The irony of using secrecy to fight secrecy is not lost upon me. The Washington Post has an extremely important article on today's front page about WikiLeaks, a website that the Post describes a "cyber-whistleblower." I submit that WikiLeaks is, more accurately, one of the only safe mechamisms left through which individuals can safely blow the whistle. Legally, a whistleblower can go to the media, Congress or an interest group representative. But the recent indictment of Thomas Drake sends a powerful message that traditional safe-havens--authorized by the Whistleblower Protection Act and court interpretations thereof--are NOT SAFE.
Officially, 3-year-old WikiLeaks has no street address, phone number, employees, headquarters or P.O. Box.
As the WaPo reports,
[A]bout 30 times a day, someone submits a sensitive document to this cyber whistleblower to be posted online for all to see. Politicians' private e-mails, secret CIA reports, corporate memos, surveillance video. . .
Last month it released a graphic U.S. military video of a helicopter attack on a group of Iraqia in Baghdad that killed several civilians, including two Reuters employees--indisputably newsworthy. Next on deck: a video of civilian casualties in Afghanistan (coming soon).
WikiLeaks is an example of good use of technology. For all the technology that has been abused by the Bush administration, and now by Obama, WikiLeaks is using technology to become a global warrior against excessive and often illegal government secrecy. The irony is not lost on me that WikiLeaks is using Secrecy to fight Secrecy.
Why is this necessary? Although the Whistleblower Protection Act of 1989 specifically permits a government employee to make disclosures of any information
(A) which the employee . . . reasonably believes evidences --
(i) a violation of any law, rule, or regulation, or
(ii) gross mismanagement, a gross waste of funds, an abuse of authority, or a substantial and specific danger to public health or safety . . .
5 U.S.C. 2302(b)(8)(A)(i)-(ii), and prohibits retaliation for such disclosures, that has not stopped the government from mercilessly crucifying whistleblowers.
The Whistleblower Protection Act permits disclosure to be made not only to another official of the Executive branch, but to anyone--a reporter, a Member of Congress, an interest group, etc. This has been well-supported by case law. See Horton v. Department of Navy, 66 F.3d 279, 282 (Fed. Cir. 1995 (noting that disclosures to the press are protected disclosures); see also H.R. Rep. No. 100-413, at 12-13 (1988) (listing media as an independent entity such as Congress, to which disclosures may be made. In fact, it has been held that
complaints to a supervisor about the supervisor's own conduct are not disclosures covered by the WPA, but . . . disclosures to the press are protected.
Huffman v. Office of Personnel Management, 263 F.3d 1341, 1344, 1351 (Fed. Cir. 2001).

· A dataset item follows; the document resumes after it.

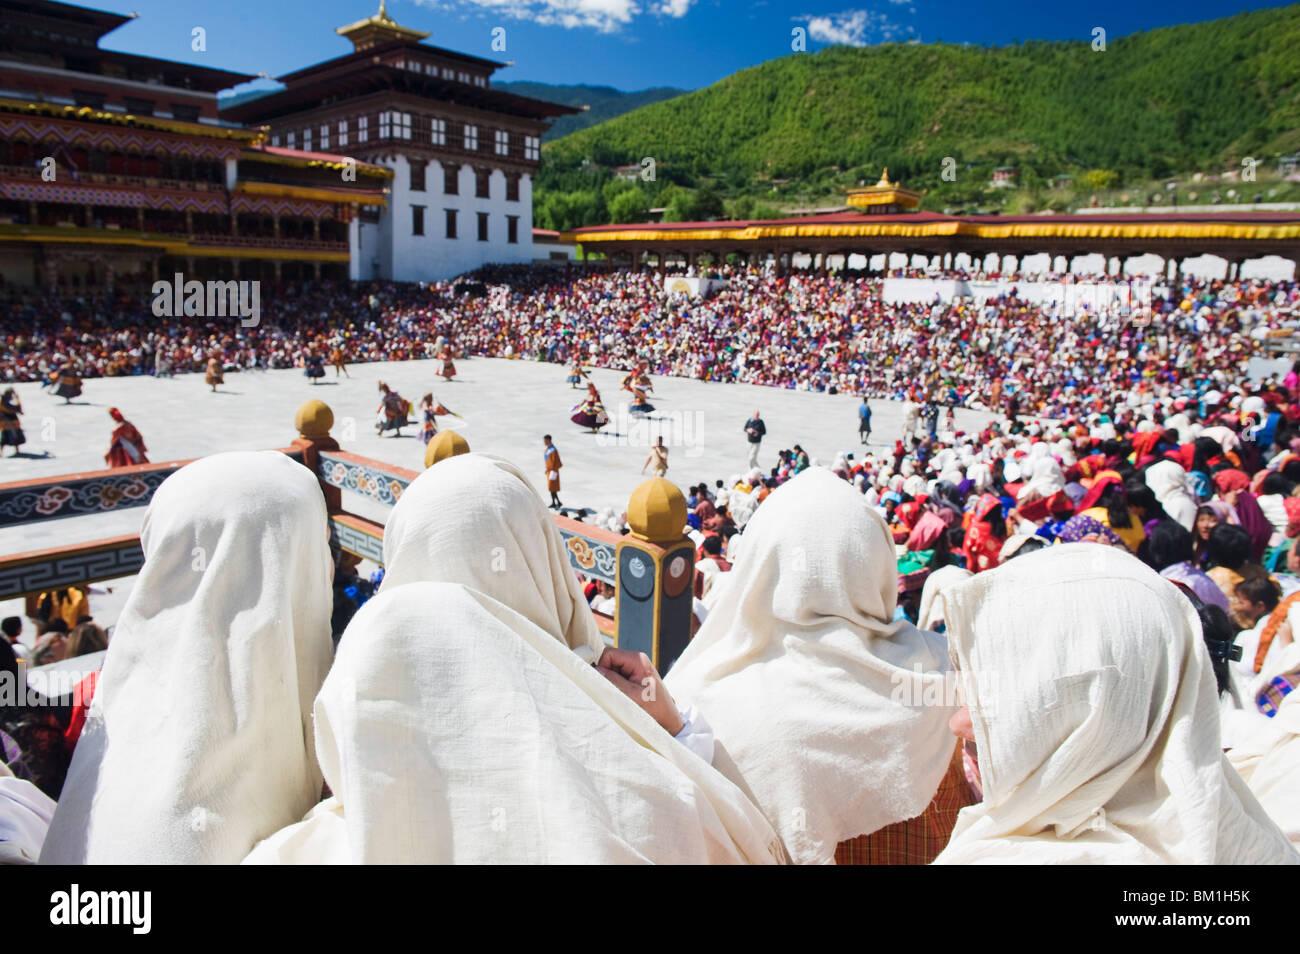 Spectateurs regardant l'automne Tsechu (festival) à Trashi Chhoe Dzong, Thimphu, Bhoutan, Asie Photo Stock

But people who have made (what we thought were anonymous) disclosures to the media, including myself (discovery abuse in the case of "American Taliban" John Walker Lindh) and Thomas Tamm (NSA illegal warrantless wiretapping) have been made targets of brutal federal criminal "leak investigations."
Bush liked to harass, intimidate and blacklist suspected whistleblowers, but Obama has taken it a step further. He just indicted former NSA official Thomas Drake, about whom I have written in the main-stream-media and in the blogosphere.
WikiLeaks does not contain the important facets of fact-checking that the media provides, the power of Congress to receive testimony and launch investigations, or the legal guidance that whistleblower protection groups like the Government Accountability Project where I work . . . it's the only safe harbor left for people who want to tell the truth.